_What needs to be done_
Nothing but the lines below between the line holding "Train running alongside" and the line holding "Fall wallpaper desktop", inclusive, should appear in the answer, each set down exactly.

--- Information provided ---

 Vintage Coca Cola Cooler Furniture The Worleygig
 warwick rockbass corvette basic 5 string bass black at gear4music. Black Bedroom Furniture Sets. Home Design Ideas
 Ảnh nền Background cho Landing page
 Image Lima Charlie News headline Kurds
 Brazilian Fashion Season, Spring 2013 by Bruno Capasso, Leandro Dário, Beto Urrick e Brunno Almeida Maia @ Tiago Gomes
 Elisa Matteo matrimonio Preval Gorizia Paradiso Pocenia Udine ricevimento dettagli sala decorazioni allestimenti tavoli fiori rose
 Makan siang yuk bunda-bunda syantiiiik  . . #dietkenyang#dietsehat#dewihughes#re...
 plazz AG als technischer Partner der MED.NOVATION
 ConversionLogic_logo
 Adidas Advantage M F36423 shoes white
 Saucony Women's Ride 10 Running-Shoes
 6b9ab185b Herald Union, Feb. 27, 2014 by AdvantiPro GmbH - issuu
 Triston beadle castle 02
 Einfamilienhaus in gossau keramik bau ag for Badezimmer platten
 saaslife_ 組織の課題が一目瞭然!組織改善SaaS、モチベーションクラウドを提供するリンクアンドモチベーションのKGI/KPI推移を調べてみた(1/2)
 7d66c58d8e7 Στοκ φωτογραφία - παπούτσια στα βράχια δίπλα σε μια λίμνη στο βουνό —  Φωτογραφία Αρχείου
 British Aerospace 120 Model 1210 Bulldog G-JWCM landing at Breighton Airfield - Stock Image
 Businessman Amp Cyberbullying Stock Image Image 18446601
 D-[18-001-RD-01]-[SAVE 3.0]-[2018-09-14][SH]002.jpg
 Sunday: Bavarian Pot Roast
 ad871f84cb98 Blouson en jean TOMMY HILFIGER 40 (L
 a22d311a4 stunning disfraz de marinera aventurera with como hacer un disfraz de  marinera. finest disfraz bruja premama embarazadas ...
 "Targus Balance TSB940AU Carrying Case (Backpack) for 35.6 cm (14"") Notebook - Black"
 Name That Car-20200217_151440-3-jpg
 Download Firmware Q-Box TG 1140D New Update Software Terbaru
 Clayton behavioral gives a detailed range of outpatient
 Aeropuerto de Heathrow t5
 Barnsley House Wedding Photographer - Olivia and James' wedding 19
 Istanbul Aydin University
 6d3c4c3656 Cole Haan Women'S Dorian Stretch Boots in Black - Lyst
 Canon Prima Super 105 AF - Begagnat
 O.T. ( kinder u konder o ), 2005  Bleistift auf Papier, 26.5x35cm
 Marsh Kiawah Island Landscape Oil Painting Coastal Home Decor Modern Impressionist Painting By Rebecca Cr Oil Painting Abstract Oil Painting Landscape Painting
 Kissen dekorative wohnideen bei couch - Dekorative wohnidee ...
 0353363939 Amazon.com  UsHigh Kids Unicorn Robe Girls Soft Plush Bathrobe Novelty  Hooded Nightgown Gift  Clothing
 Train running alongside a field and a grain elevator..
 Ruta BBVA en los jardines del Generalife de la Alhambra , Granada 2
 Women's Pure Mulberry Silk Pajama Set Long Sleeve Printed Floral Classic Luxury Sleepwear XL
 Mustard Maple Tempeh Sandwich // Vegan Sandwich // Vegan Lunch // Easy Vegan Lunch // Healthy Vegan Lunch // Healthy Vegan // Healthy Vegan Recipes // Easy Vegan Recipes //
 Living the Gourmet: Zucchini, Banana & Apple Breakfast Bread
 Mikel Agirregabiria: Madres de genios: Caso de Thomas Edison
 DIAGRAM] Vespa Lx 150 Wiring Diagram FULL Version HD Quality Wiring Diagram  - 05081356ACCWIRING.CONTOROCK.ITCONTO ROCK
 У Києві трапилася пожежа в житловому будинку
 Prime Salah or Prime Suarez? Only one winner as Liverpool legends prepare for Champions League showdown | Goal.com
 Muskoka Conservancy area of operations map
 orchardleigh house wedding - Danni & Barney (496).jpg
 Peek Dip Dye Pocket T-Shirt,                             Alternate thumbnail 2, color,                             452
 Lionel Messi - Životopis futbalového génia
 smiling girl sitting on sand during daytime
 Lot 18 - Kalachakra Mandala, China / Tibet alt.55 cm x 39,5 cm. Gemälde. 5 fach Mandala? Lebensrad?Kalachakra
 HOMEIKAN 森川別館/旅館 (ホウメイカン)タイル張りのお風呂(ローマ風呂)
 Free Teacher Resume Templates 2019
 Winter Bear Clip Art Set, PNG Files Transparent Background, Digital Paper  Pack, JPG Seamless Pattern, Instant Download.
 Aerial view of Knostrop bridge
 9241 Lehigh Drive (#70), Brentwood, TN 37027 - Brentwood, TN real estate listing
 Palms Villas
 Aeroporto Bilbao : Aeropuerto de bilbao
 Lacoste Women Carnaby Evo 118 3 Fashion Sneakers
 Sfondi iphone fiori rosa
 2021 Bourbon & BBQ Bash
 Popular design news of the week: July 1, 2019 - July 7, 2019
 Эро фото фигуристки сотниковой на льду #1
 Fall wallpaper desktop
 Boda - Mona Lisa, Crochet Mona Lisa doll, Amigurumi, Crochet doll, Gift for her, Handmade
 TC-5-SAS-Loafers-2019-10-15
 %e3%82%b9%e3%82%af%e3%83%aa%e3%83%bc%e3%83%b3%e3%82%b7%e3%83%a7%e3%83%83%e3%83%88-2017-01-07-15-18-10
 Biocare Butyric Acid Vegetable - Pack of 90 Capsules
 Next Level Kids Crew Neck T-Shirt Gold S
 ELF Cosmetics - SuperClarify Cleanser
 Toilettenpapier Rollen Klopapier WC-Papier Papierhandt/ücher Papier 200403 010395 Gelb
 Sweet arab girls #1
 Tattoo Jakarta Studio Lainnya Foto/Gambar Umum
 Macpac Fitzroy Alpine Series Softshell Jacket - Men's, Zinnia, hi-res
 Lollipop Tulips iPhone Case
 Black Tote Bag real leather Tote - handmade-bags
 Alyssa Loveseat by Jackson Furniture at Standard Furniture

---

_Response to this exercise_
 Train running alongside a field and a grain elevator..
 Ruta BBVA en los jardines del Generalife de la Alhambra , Granada 2
 Women's Pure Mulberry Silk Pajama Set Long Sleeve Printed Floral Classic Luxury Sleepwear XL
 Mustard Maple Tempeh Sandwich // Vegan Sandwich // Vegan Lunch // Easy Vegan Lunch // Healthy Vegan Lunch // Healthy Vegan // Healthy Vegan Recipes // Easy Vegan Recipes //
 Living the Gourmet: Zucchini, Banana & Apple Breakfast Bread
 Mikel Agirregabiria: Madres de genios: Caso de Thomas Edison
 DIAGRAM] Vespa Lx 150 Wiring Diagram FULL Version HD Quality Wiring Diagram  - 05081356ACCWIRING.CONTOROCK.ITCONTO ROCK
 У Києві трапилася пожежа в житловому будинку
 Prime Salah or Prime Suarez? Only one winner as Liverpool legends prepare for Champions League showdown | Goal.com
 Muskoka Conservancy area of operations map
 orchardleigh house wedding - Danni & Barney (496).jpg
 Peek Dip Dye Pocket T-Shirt,                             Alternate thumbnail 2, color,                             452
 Lionel Messi - Životopis futbalového génia
 smiling girl sitting on sand during daytime
 Lot 18 - Kalachakra Mandala, China / Tibet alt.55 cm x 39,5 cm. Gemälde. 5 fach Mandala? Lebensrad?Kalachakra
 HOMEIKAN 森川別館/旅館 (ホウメイカン)タイル張りのお風呂(ローマ風呂)
 Free Teacher Resume Templates 2019
 Winter Bear Clip Art Set, PNG Files Transparent Background, Digital Paper  Pack, JPG Seamless Pattern, Instant Download.
 Aerial view of Knostrop bridge
 9241 Lehigh Drive (#70), Brentwood, TN 37027 - Brentwood, TN real estate listing
 Palms Villas
 Aeroporto Bilbao : Aeropuerto de bilbao
 Lacoste Women Carnaby Evo 118 3 Fashion Sneakers
 Sfondi iphone fiori rosa
 2021 Bourbon & BBQ Bash
 Popular design news of the week: July 1, 2019 - July 7, 2019
 Эро фото фигуристки сотниковой на льду #1
 Fall wallpaper desktop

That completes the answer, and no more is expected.